В юности Джона ходила поговорка, что на севере нет короля, кроме Перси. Теперь же поговаривали, что битва велась не столько за старую веру, сколько за прежние отношения между рабом и господином, за преданность лендлорду – и что битва проиграна, потому что старые времена ушли навсегда... Джон на всю жизнь запомнил слова, сказанные его названым отцом, когда тот уезжал, чтобы достойно встретить смерть. Теперь усадьба у Лисьего Холма стала последним оплотом старого мира – и Джон будет биться до последнего вздоха: теперь он, подобно Черному Виллу, видел крушение своего мира, а как жить по-новому, он просто не знал. Но Томас не станет королем после его смерти в этом маленьком королевстве: Томас – плоть от плоти нового мира...
Баллада, сложенная местным менестрелем на смерть Мэри, была, в сущности, плачем не только по ней, безвременно ушедшей, – но и по уходящим временам, и напоминала скорее плач по воину, павшему в бою:
О, Мэри Перси, дева красоты!
Окончен бренной жизни краткий срок:
В земле холодной опочила ты,
С мечом в руках и верным псом у ног…
Так пел бард. И мелодия зазвучала в ушах Джона под мерный стук подков – на мгновение Мэри казалась удивительно близкой, будто растворенная в этом текучем золоте, сиянии ярких гроздьев рябины, запахе дыма – и воплощенная в этом прекрасном юноше, гарцующем на белом коне... Но тут Томас, словно прочитав мысли отца, стал беспечно напевать себе под нос – и она снова растаяла, словно дымка, унеся с собой радость жизни...

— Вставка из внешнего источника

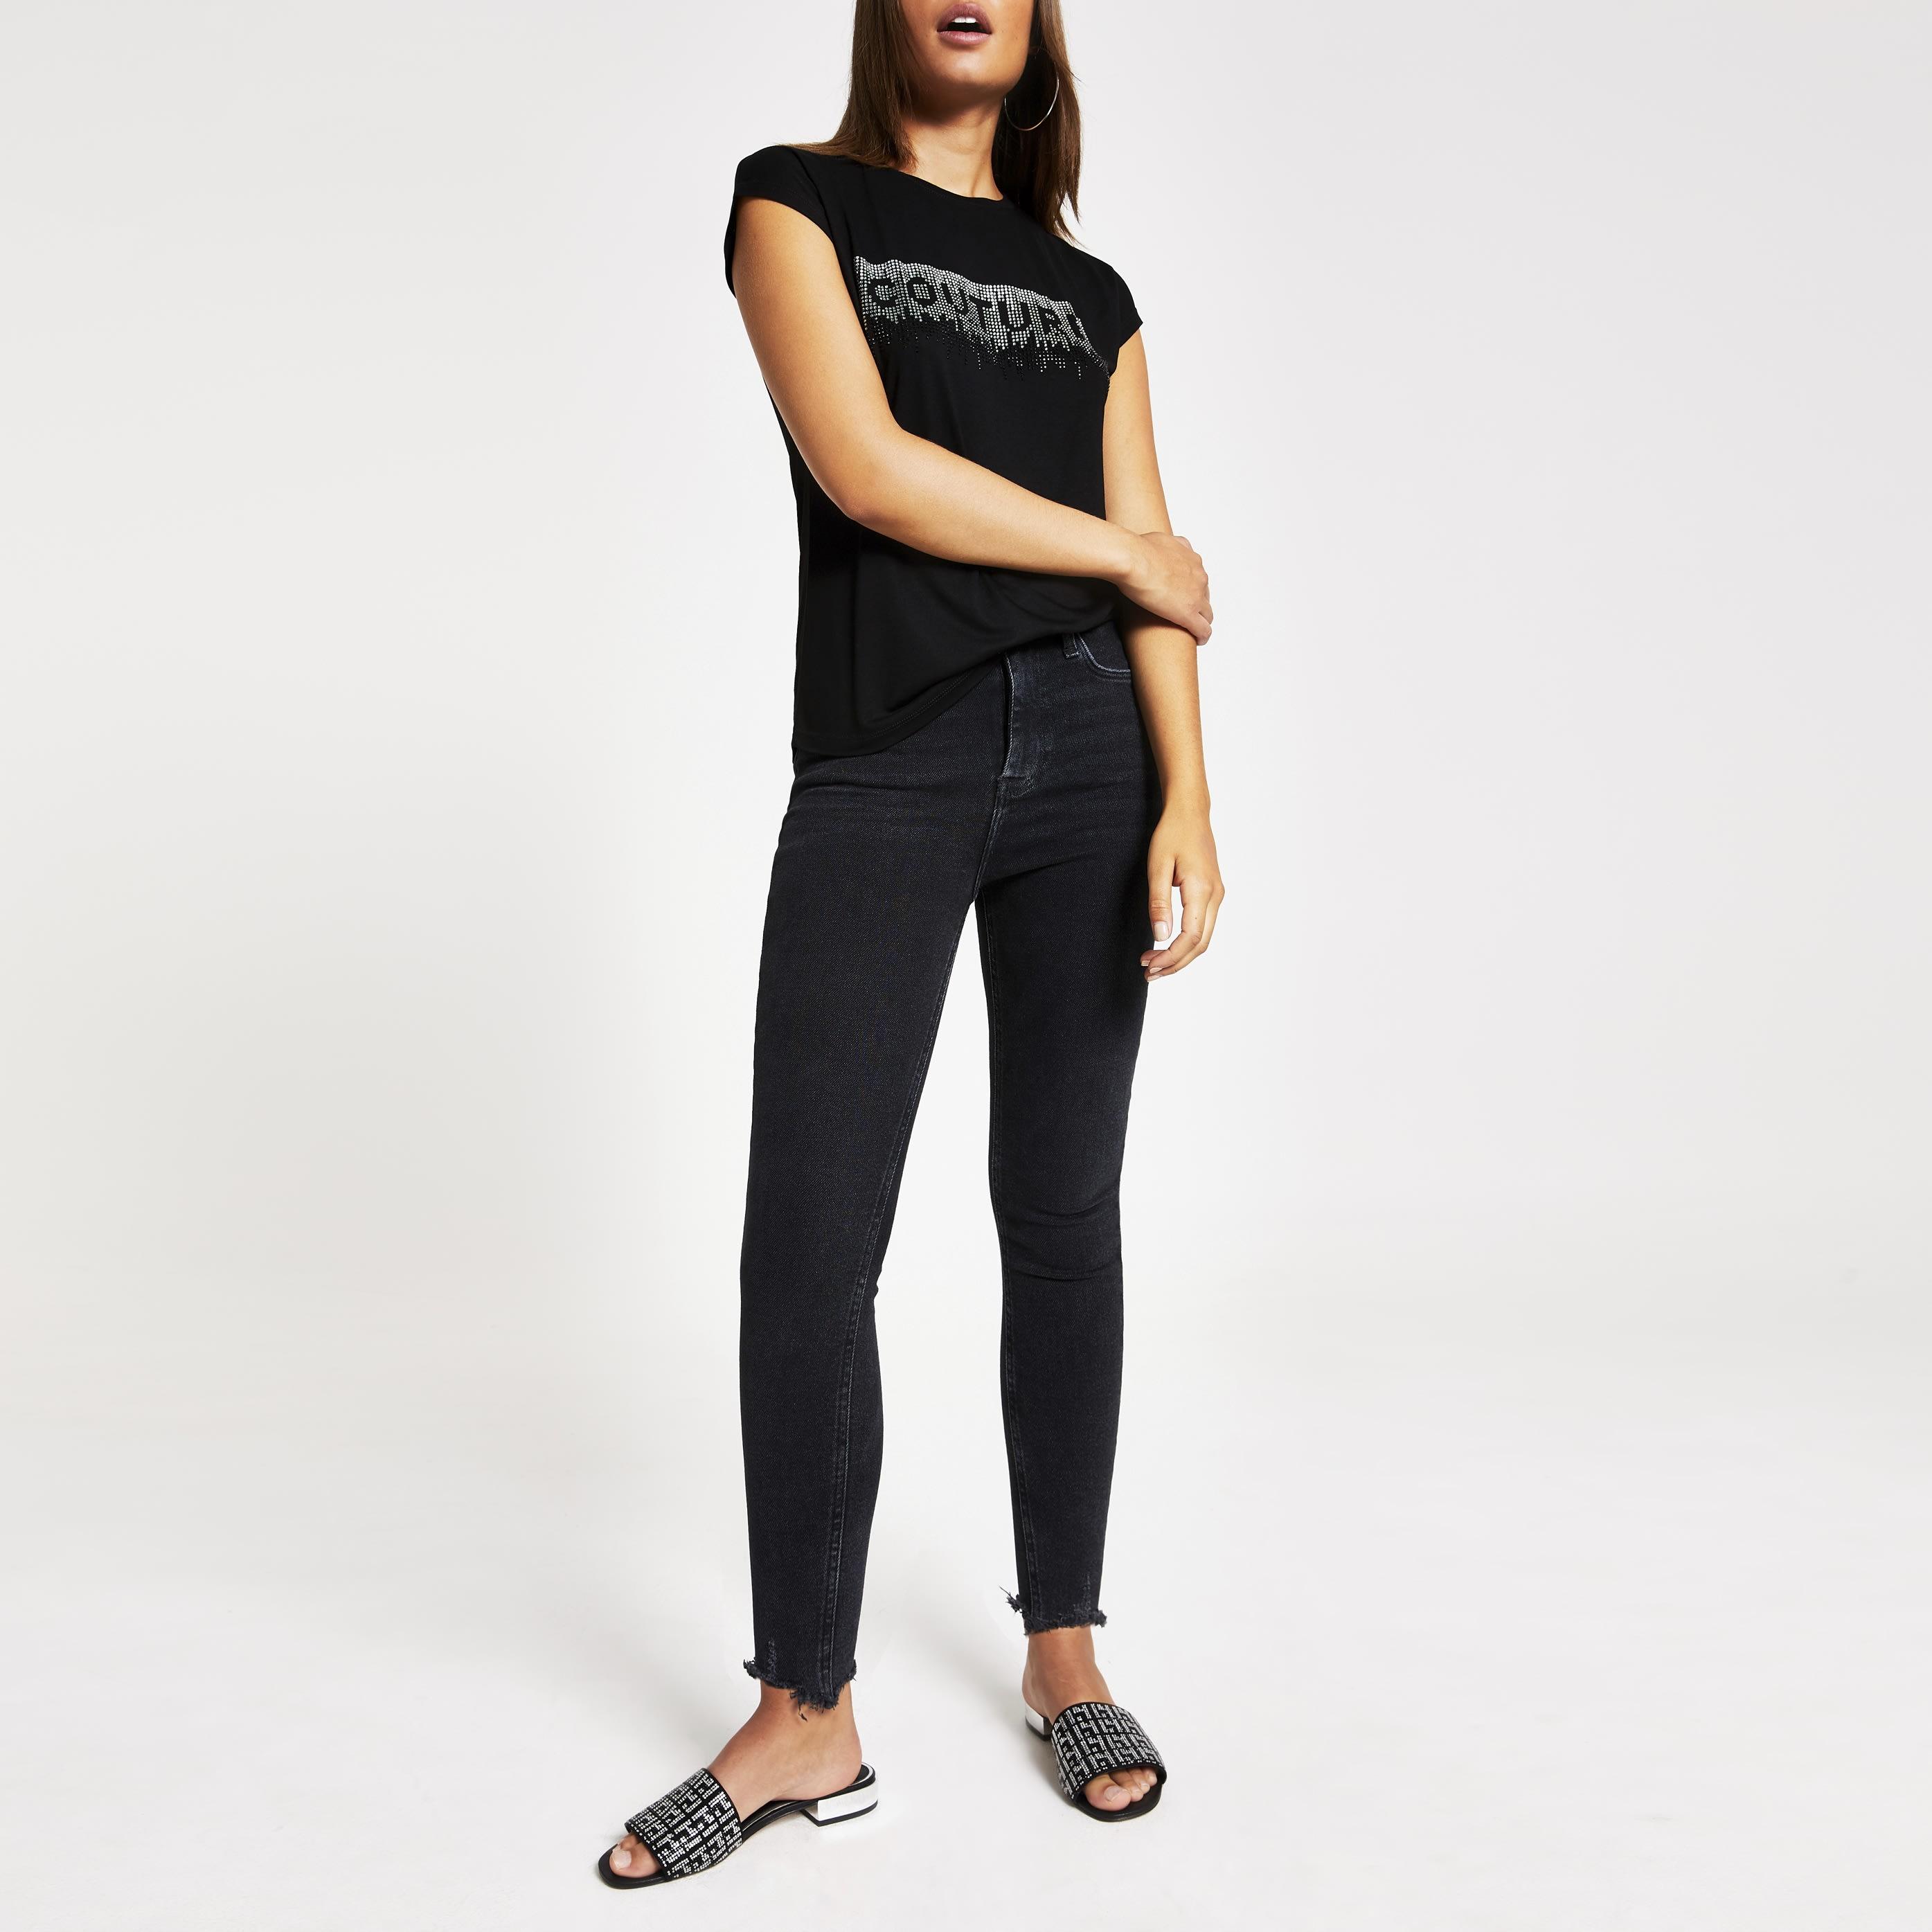 River Island Womens Black 'Couture' diamante frill trim T-shirt (12)

Когда они уже приближались к цели своего путешествия, один из слуг подъехал к Джону и обеспокоенно прошептал:
– Там верховой, хозяин. Поглядите туда!
Сразу же насторожившись и напрягшись, напрочь позабыв, что он находится в цивилизованном мире, Джон положил руку на рукоять боевого меча. Но потом расхохотался и успокоился.
– Все в порядке, Джед, – там только один человек. И к тому же – это ведь Йоркшир, а не Ридсдейл. На нас никто не собирается нападать.

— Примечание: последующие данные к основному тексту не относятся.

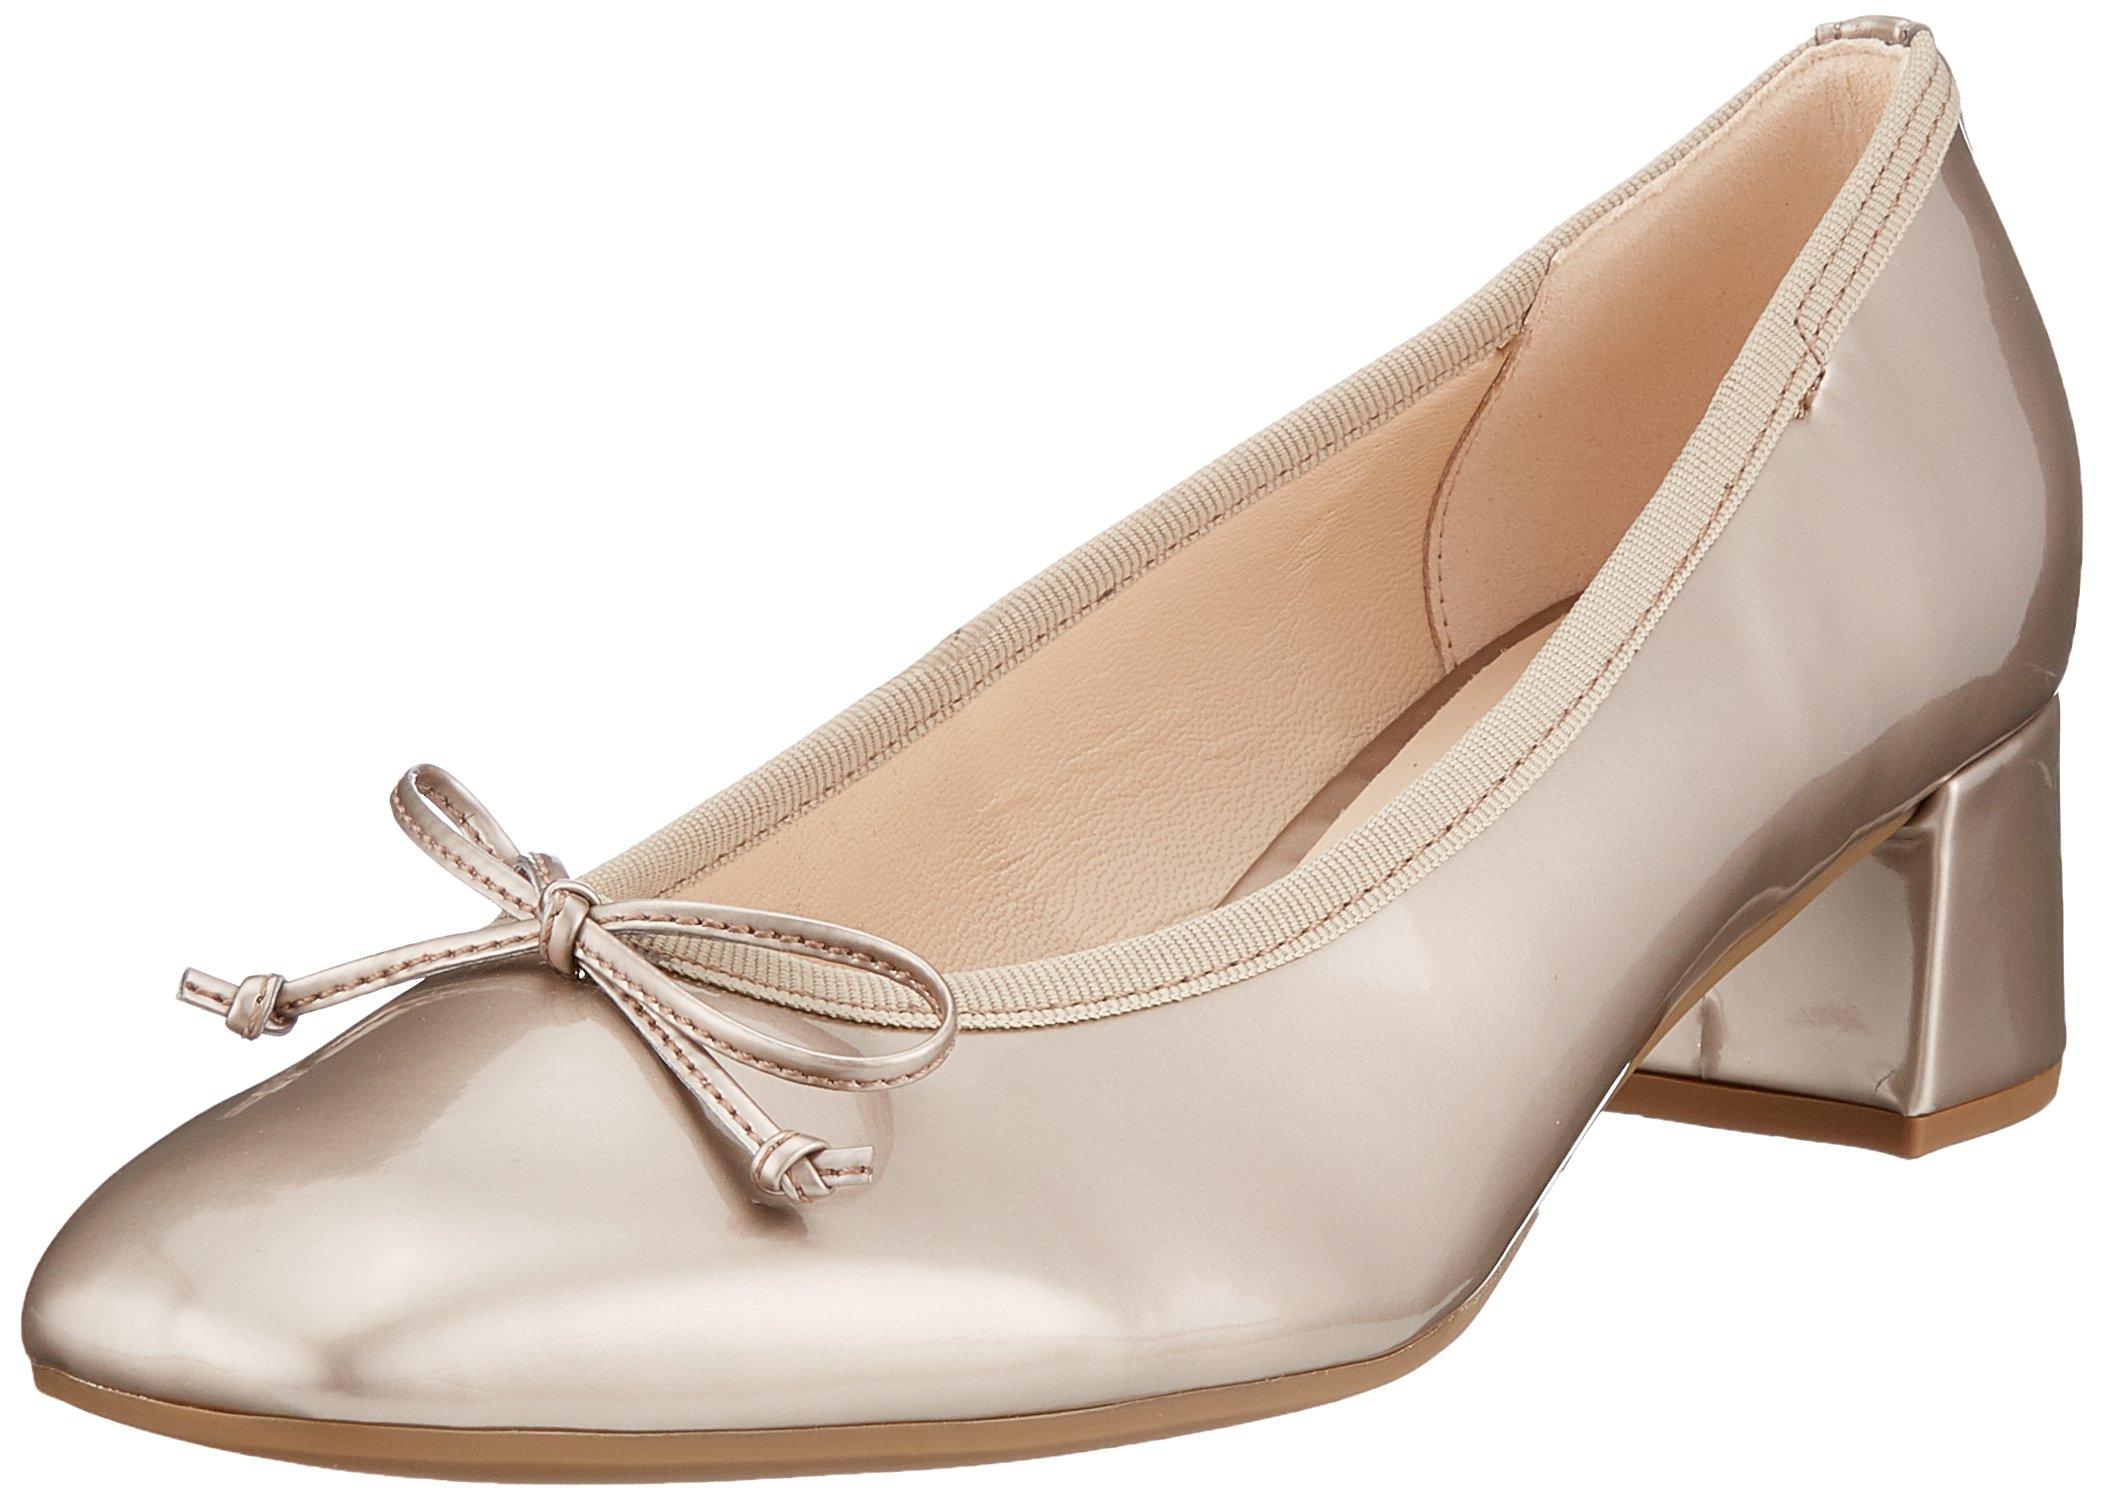 BasicEscarpins Shoes Gabor Shoes Shoes FemmeMulticolorerose39 Gabor Gabor Eu BasicEscarpins FemmeMulticolorerose39 Eu qUzGVpSM

– Похоже, он поджидает нас, отец, – сказал Томас. – Может быть, его послали нам навстречу.
Они подъехали ближе. Человек сидел верхом на гнедом жеребце недалеко от маленькой рощицы, которая почему-то показалась Джону до боли знакомой, но почему – он так и не смог вспомнить. Конь был знатный, а сбруя богатая, да и по платью человек вовсе не походил на слугу. Это был мужчина средних лет, статный и, пожалуй, начинающий полнеть, в расшитом золотом кафтане и плотно облегающих бриджах. В его бороде уже кое-где блестела седина... Когда они подъехали ближе, человек произнес, указывая на рощицу:
– Это Харвуд. Тут мы и поймали лисенка. Я думал, что встреча здесь будет символичной.
Джон вонзил шпоры в бока Кестрела, смеясь тому, что не сразу узнал этого человека с бородой, напоминающей по цвету барсучий мех. Гнедой конь отпрянул, когда приблизился Кестрел, – и животные некоторое время гарцевали по опушке, прежде чем всадникам удалось, наконец, заключить друг друга в объятия.
– Джэн! Медвежонок! А я тебя не узнал!
– Большой Джон Морлэнд, добро пожаловать домой, наконец-то! Богом клянусь, до смерти рад тебя видеть! Я тут повсюду посты расставил, чтобы мне вовремя сообщили о твоем приближении. И вот ты появляешься чуть ли не с целой армией, словно какой-нибудь чужеземный король-завоеватель. А может, тебя короновали в Шотландии и поэтому ты едешь в сопровождении вооруженных воинов?
Джон хохотал, но в глазах его блестели слезы.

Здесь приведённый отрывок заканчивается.